Objectives and Methods of Struggle of Early Nationalists

Class 10 - APC Modern History & Civics Solutions


Short Answer Questions

Question 1

During which period did the early Nationalists dominate the Congress?

Answer

The early Nationalists dominated the Congress during the period of 1885 - 1905.

Question 2

Name any two leaders who belonged to the early days of Indian nationalism.

Answer

Two leaders who belonged to the early days of Indian nationalism are W.C. Bonnerjea and Surendranath Banerjea.

Question 3

Mention any two objectives of the early nationalists in respect to
(a) Constitutional Reforms
(b) Administrative Reforms

Answer

Two objectives of the early nationalists in respect to Constitutional Reforms were-

  1. They asked for the abolition of the India Council.
  2. The Congress at its very first session asked for the expansion of the Legislative Councils created by the Act of 1861. The Central and Provincial Councils both should have a considerable proportion of "elected" members.

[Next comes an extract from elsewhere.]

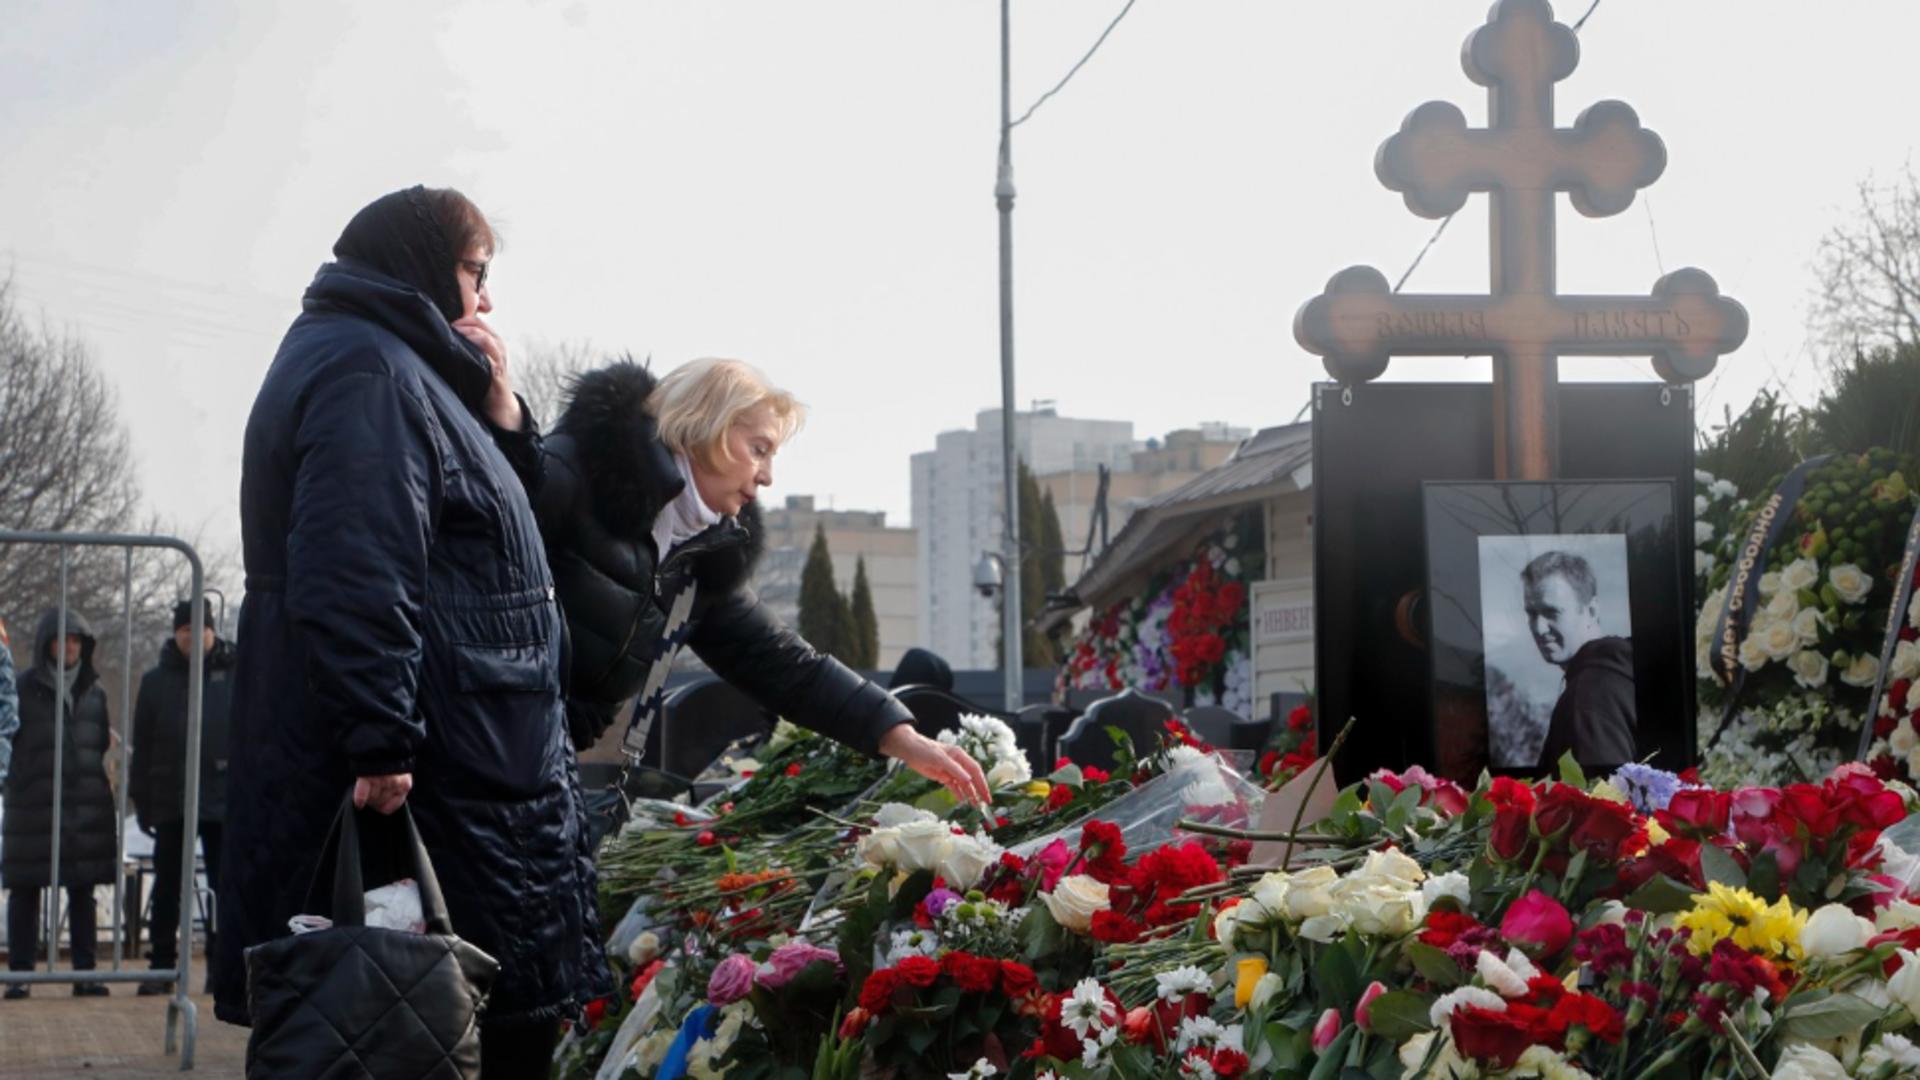 Muzica surprinzătoare aleasă la înmormântarea lui Aleksei Navalnî: mesajul ascuns transmis Kremlinului/ Profimedia

Two objectives of the early nationalists in respect to Administrative Reforms were-

  1. Wider employment of Indians in the higher services.
  2. Holding of simultaneous examinations both in England and in India for recruitment to the Indian Civil Service.

Question 4

Mention any two objectives of the early nationalists that related to improving the lot of the peasants.

Answer

Two objectives of the early nationalists that related to improving the lot of the peasants were-

  1. Reduction in land revenue and protection of peasants against unjust demands of the Zamindars.
  2. Giving of cheap credit (loans) to the peasants through agricultural banks.

Question 5

What did the early nationalists seek in the field of civil liberties?

Answer

The early nationalists sought the following civil liberties-

  1. Early Congressmen opposed tooth and nail the suppression of the freedoms of speech and expression.
  2. They were demanding rights to assemble and to form associations.
  3. The Congress believed that the suppression of a free press would not check 'sedition' or rebellion against government, it would only drive it underground.

Question 6

Name any two methods through which the early nationalists carried their agitation.

Answer

Two methods through which the early nationalists carried their agitation were-

  1. Petitions to high Government officials.
  2. Resolutions

Question 7

Mention any two shortcomings or points of criticism of early nationalists.

Answer

Two shortcomings or points of criticism of early nationalists were-

  1. In those early days, the Congress lacked mass appeal. It represented the English educated well-to-do and the middle classes that hardly constituted nearly a hundredth part of the country's population.
  2. The early nationalists believed that sooner or later the British would agree to establish representative institutions in India. They could not see that British and Indian interests clashed with each other. Britain was using India's resources in order to increase its own wealth.

Question 8

Mention any two achievements of early nationalists.

Answer

Two achievements of early nationalists were-

  1. They infused national consciousness among various sections of public life. They promoted the spirit of common brotherhood and aroused among the people a feeling that they all belonged to one nation.
  2. They had done a lot to popularise ideas of democracy, civil liberty and representative institutions. They declared that Indians "wanted to be governed according to the ideals of government prevalent in Europe."

Question 9

Who came to be known as the 'Grand Old Man of India'?

Answer

Dadabhai Naoroji came to be known as the 'Grand Old Man of India'.

Question 10

When and by whom was the East India Association founded?

Answer

In 1866, Dadabhai Naoroji founded the East India Association in London.

Question 11

What was the objective of the East India Association?

Answer

The objective of the East India Association was to inform the British of the true state of affairs in India.

Question 12

Who came to be known as the India's Unofficial Ambassador in England?

Answer

Dadabhai Naoroji came to be known as the India's Unofficial Ambassador in England.

Question 13

Why did the early nationalists persuade Dadabhai Naoroji to preside over the Kolkata Session of the Congress in 1906?

Answer

Dadabhai Naoroji's Presidentship of the Congress in 1906 was memorable in many ways. The partition of Bengal in 1905 had very sadly disillusioned the early nationalists. Their power and prestige were on the decline. They, therefore, persuaded Dadabhai to preside over the Kolkata Session of the Congress in 1906. Dadabhai's name and fame made it difficult for the assertive nationalists to oppose his candidature, although they would have liked Tilak to hold that office.

Question 14

Who is the author of 'Poverty and Un-British Rule in India'? Mention any one way India's wealth was being taken away to England, as Author of this book pointed.

Answer

Dadabhai Naoroji is the author of 'Poverty and Un-British Rule in India'.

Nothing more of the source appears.